Expected Sarsa($λ$) with Control Variate for Variance Reduction

Off-policy learning is powerful for reinforcement learning. However, the high variance of off-policy evaluation is a critical challenge, which causes off-policy learning falls into an uncontrolled instability. In this paper, for reducing the variance, we introduce control variate technique to $\mathtt{Expected}$ $\mathtt{Sarsa}$($\lambda$) and propose a tabular $\mathtt{ES}$($\lambda$)-$\mathtt{CV}$ algorithm. We prove that if a proper estimator of value function reaches, the proposed $\mathtt{ES}$($\lambda$)-$\mathtt{CV}$ enjoys a lower variance than $\mathtt{Expected}$ $\mathtt{Sarsa}$($\lambda$). Furthermore, to extend $\mathtt{ES}$($\lambda$)-$\mathtt{CV}$ to be a convergent algorithm with linear function approximation, we propose the $\mathtt{GES}$($\lambda$) algorithm under the convex-concave saddle-point formulation.
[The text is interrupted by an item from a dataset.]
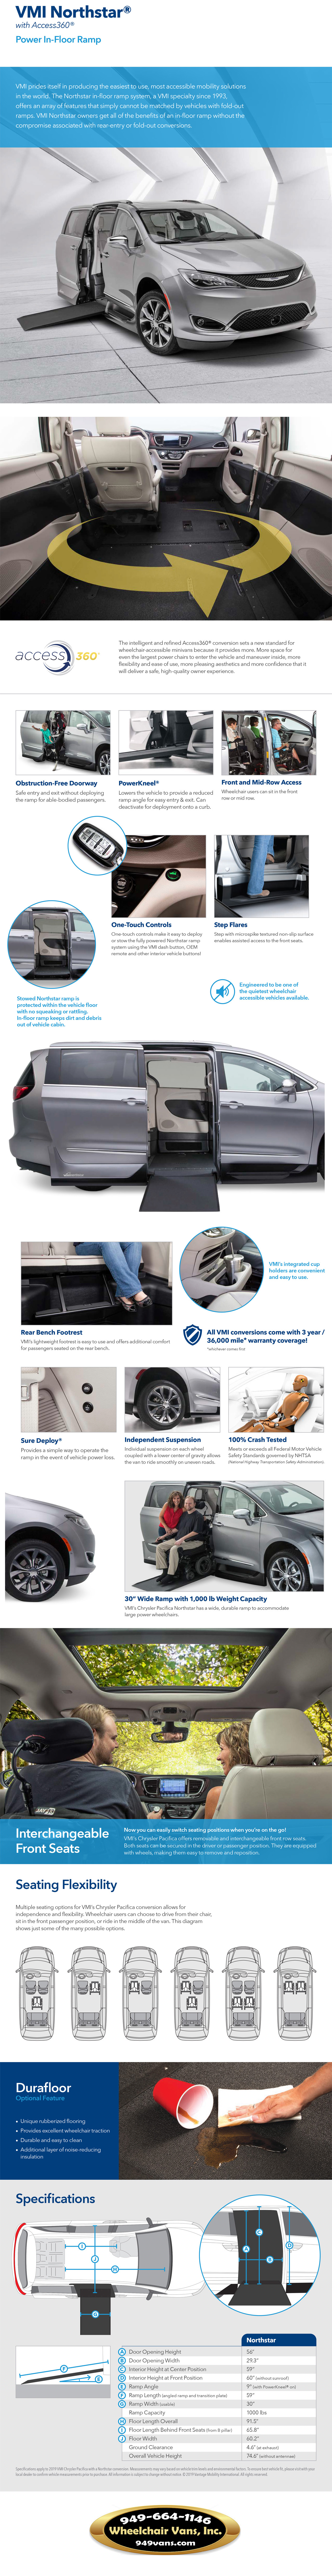 Chrysler Pacifica VMI NorthStar with Access 360 Power Infloor Ramp Wheelchair Van Conversion

We prove that the convergence rate of $\mathtt{GES}$($\lambda$) achieves $\mathcal{O}(1/T)$, which matches or outperforms lots of state-of-art gradient-based algorithms, but we use a more relaxed condition. Numerical experiments show that the proposed algorithm performs better with lower variance than several state-of-art gradient-based TD learning algorithms: $\mathtt{GQ}$($\lambda$), $\mathtt{GTB}$($\lambda$) and $\mathtt{ABQ}$($\zeta$).